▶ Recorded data
::::::::
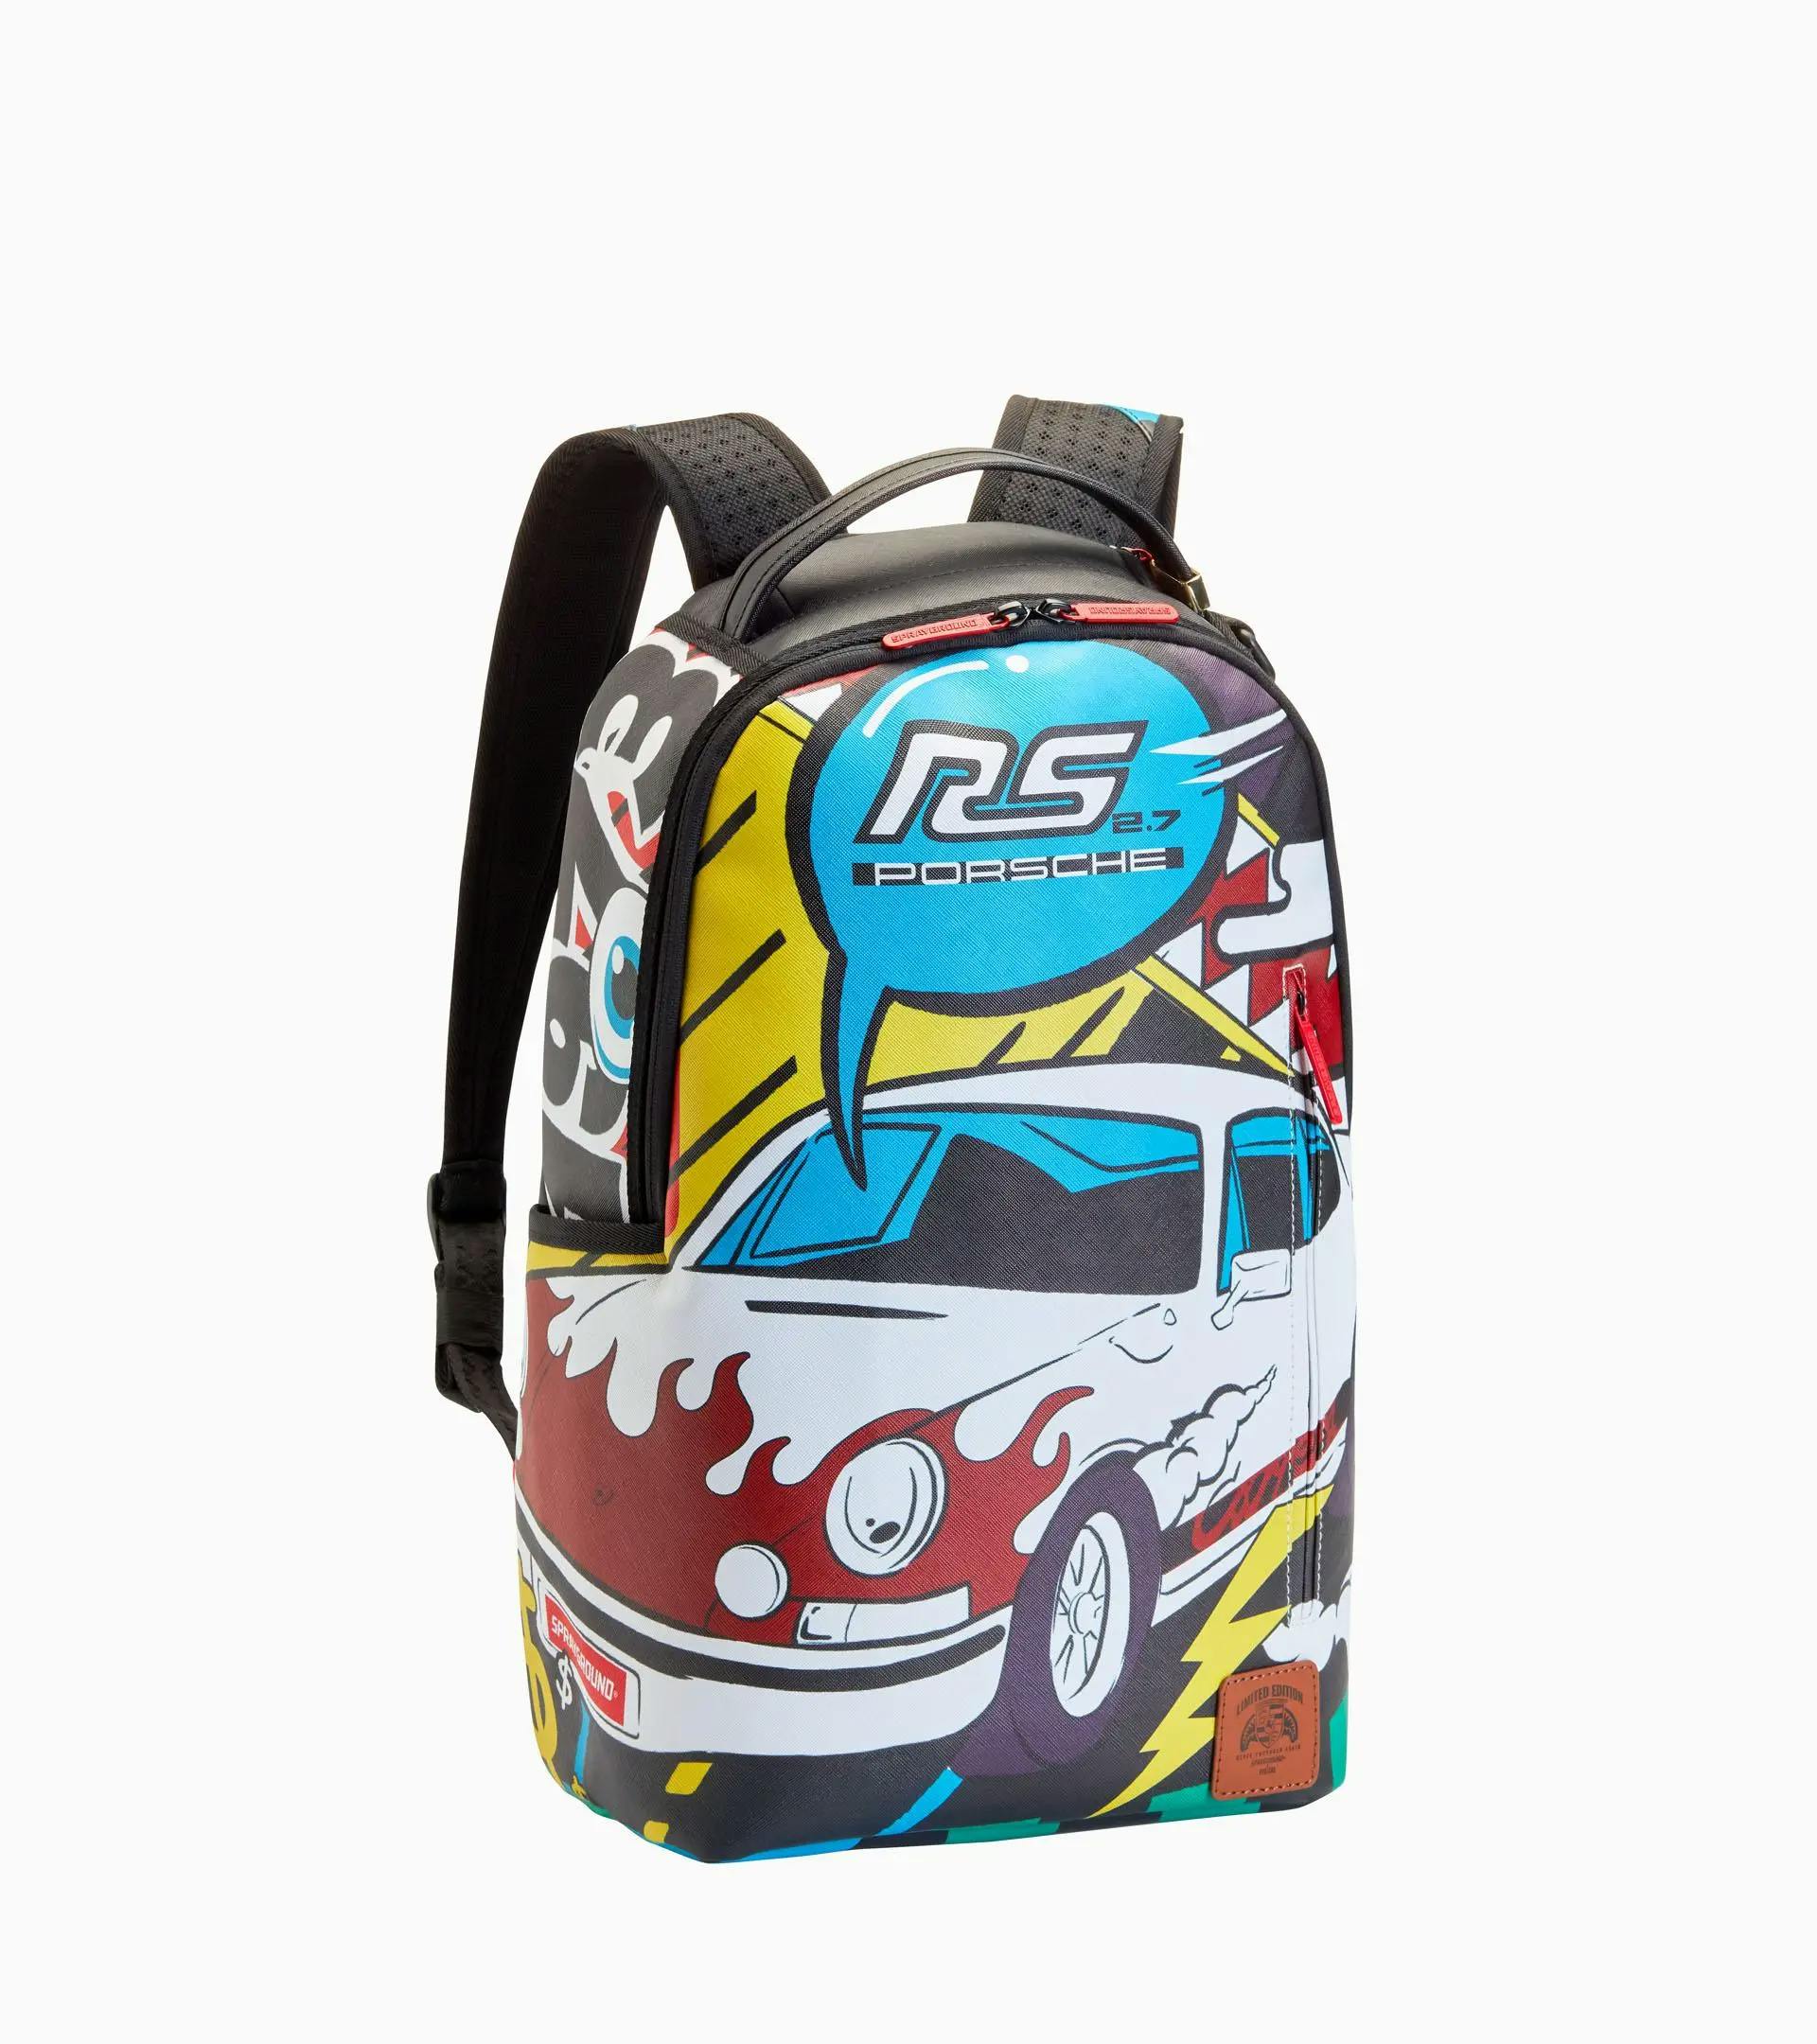 Sprayground backpack limited edition
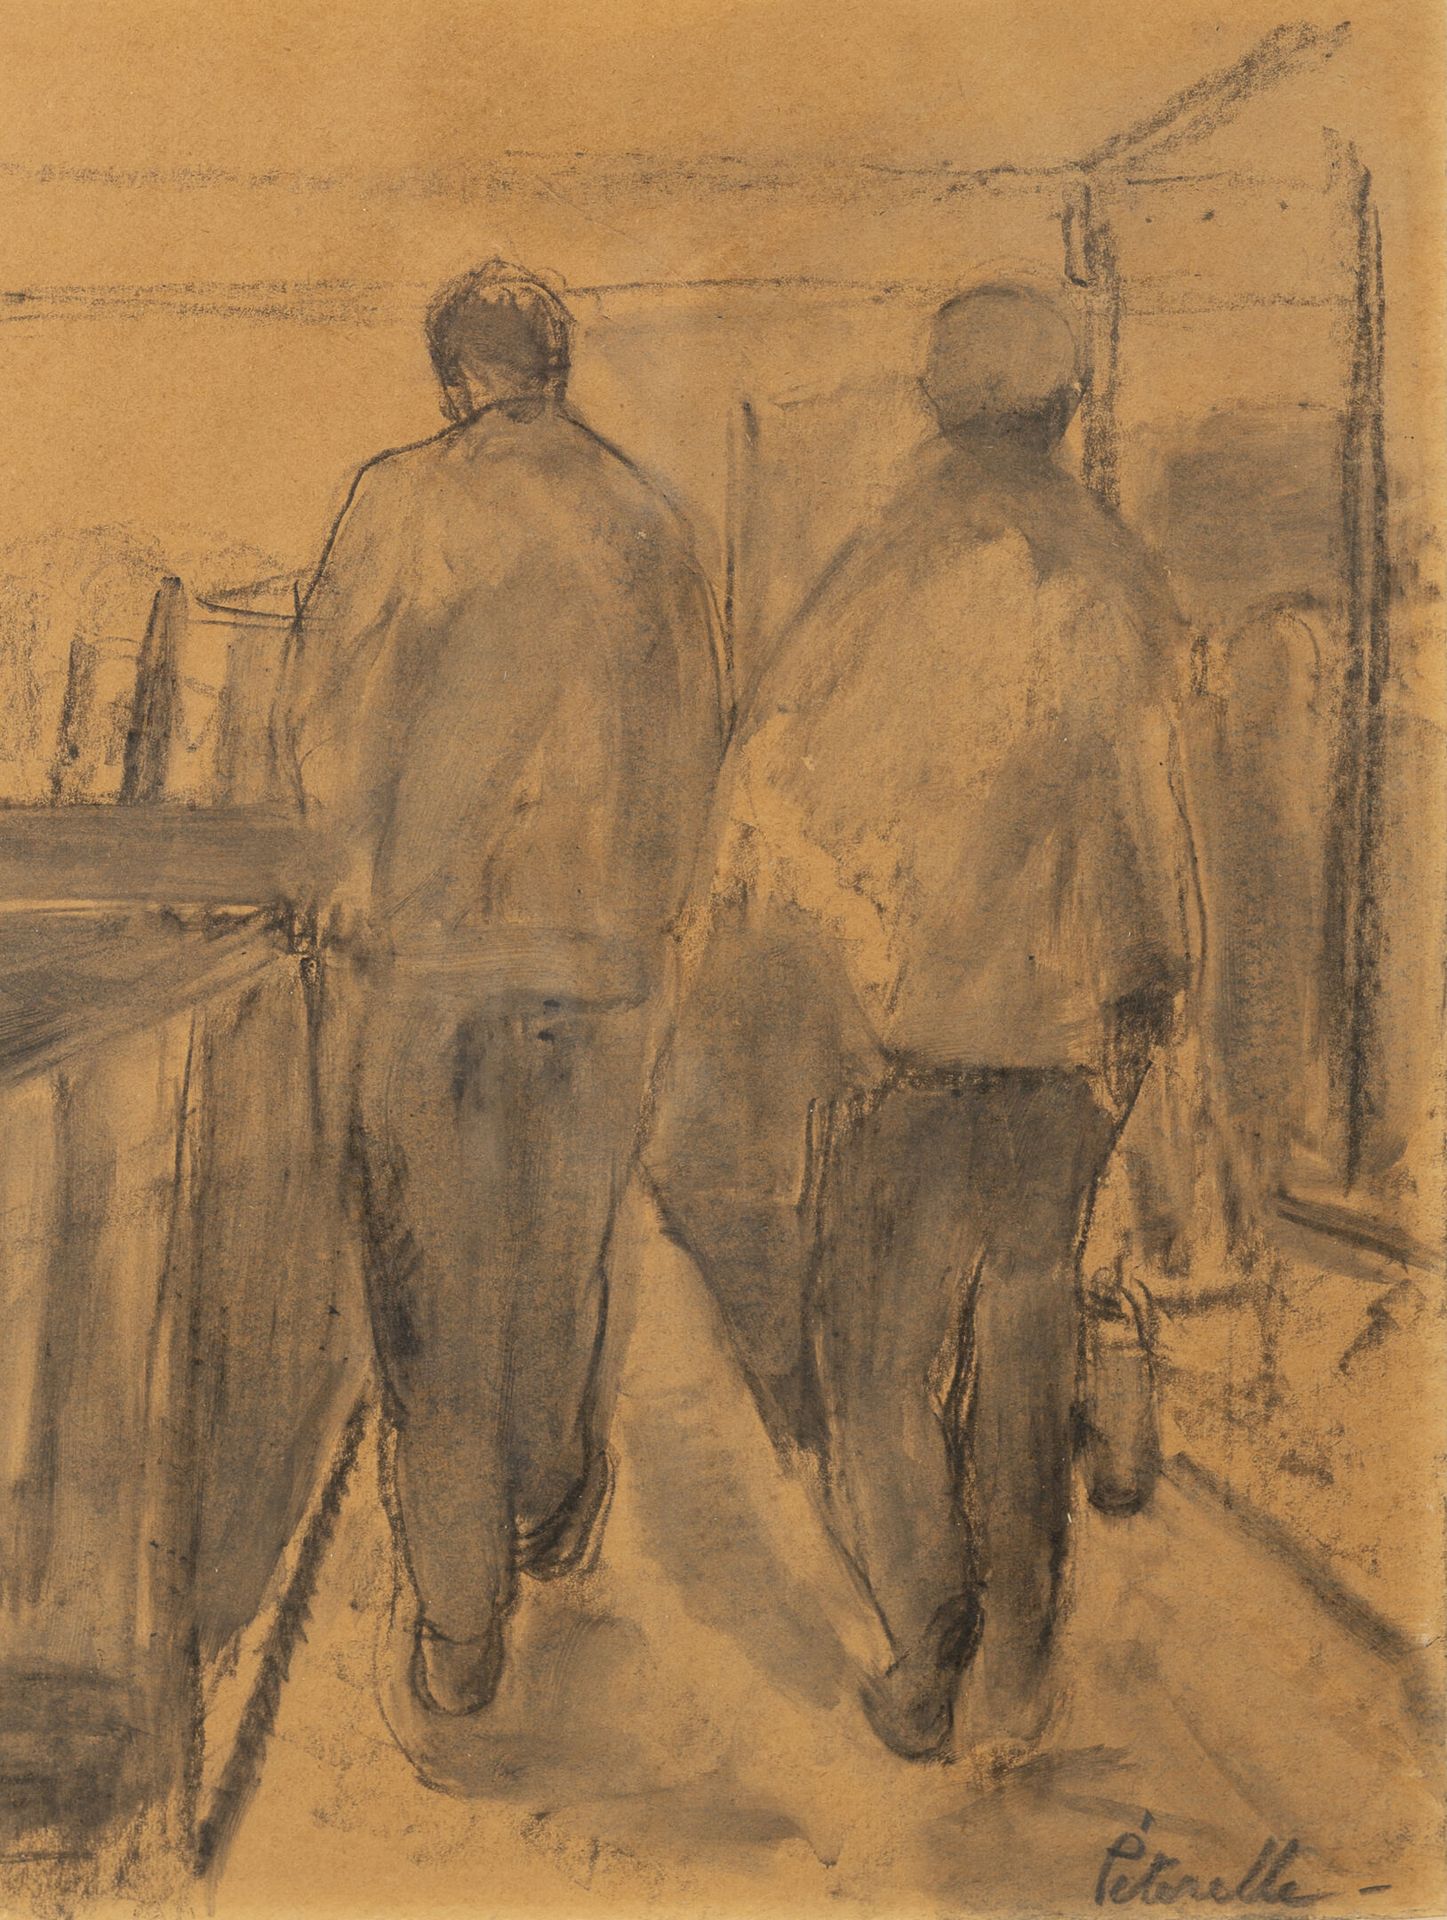 Adolphe PÉTERELLE (1874-1947) 从后面看到两个人物。

木炭和水洗。

右下方有签名。

31 x 23.5厘米。

纸张绝缘。

&hellip;
::::::::
▶ What the task requires
Print every line above exactly. Leave the pictures out.

▶ Result for this task
 Sprayground backpack limited edition
 Adolphe PÉTERELLE (1874-1947) 从后面看到两个人物。

木炭和水洗。

右下方有签名。

31 x 23.5厘米。

纸张绝缘。

&hellip;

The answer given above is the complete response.